Michael Pineda threw with the type of gusto through Thursday he had three years ago when the Yankees traded for him from Seattle. His slider made batters look foolish. His fastball set up off-speed pitches. And he mixed in a cutter and changeup to keep the Boston Red Sox off-balance.
However, on Friday morning, no one seemed to be talking about Pineda’s pitching performance. Instead, it was about the substance on Pineda’s pitching hand. Television stills showed a brown substance on the base of the palm of his hand.
Pineda called it dirt. Others called it pine tar.
Yankees manager Joe Girardi said he didn’t know anything about it.
The Red Sox players said it didn’t matter.
There are reasons that it doesn’t matter to Boston – or most players asked around the league.
1. No one wants to be the team to point it out. If a manager does, he will set up his own team for the same kind of scrutiny. A manager may know some of his own players do it. Red Sox pitcher Clay Buchholz was seen last year using sunscreen – under the dome in Toronto – to potentially doctor pitches. Boston manager John Farrell can’t exactly accuse another pitcher of doing something similar when Red Sox pitchers have been seen doing this more than once.
2. It’s happening in baseball whether fans like it or not.
Usually pitchers are a little more inconspicuous about it. The batters know about it, and publically haven’t come out against it.
David Ortiz told reporters on Thursday night: “Everybody uses pine tar in the league. It’s not a big deal. … I don’t pay any attention to it. Did he have a lot of pine tar? I didn’t get to see it. What can I tell you, I don’t know what pine tar does to the baseball – maybe better grip. Better be careful (laughs). But his velocity and his slider was good tonight. That’s all I can tell you. His pitching was good."
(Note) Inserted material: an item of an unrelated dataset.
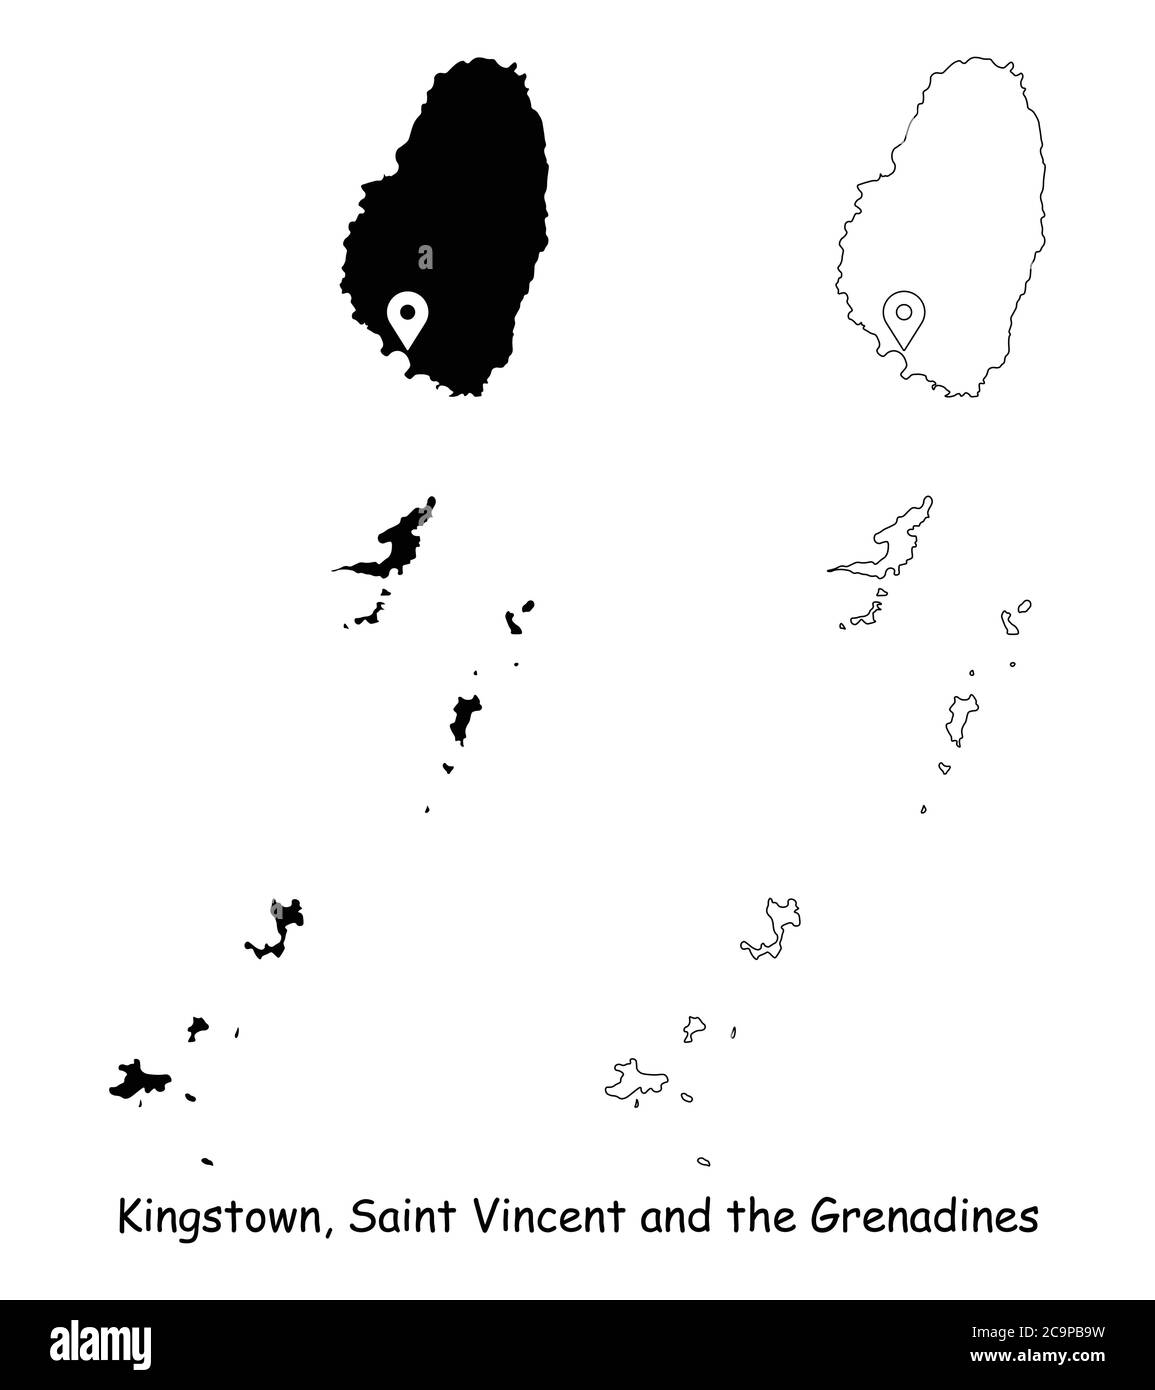 Kingstown, San Vicente y las Granadinas. Mapa detallado del país con el PIN de la ubicación en la ciudad capital. Silueta negra y mapas de contorno aislados en whi Ilustración del Vector

3. It protects the hitters. On cold, cool nights where the ball could feel slippery, a pitcher may lose control and hit players unintentionally.
I don’t know if this true, but this is the company line. Players and pitchers asked about it on Thursday night went with this line of reasoning.
Perhaps we need another Mythbusters dedicated to baseball to see if this is actually the case.
These are reasons why players won’t say anything, or throw their colleagues under the bus when it comes to using a foreign substance when pitching – despite it clearly being against the rules. It seems to be one of those unwritten, unspoken rules.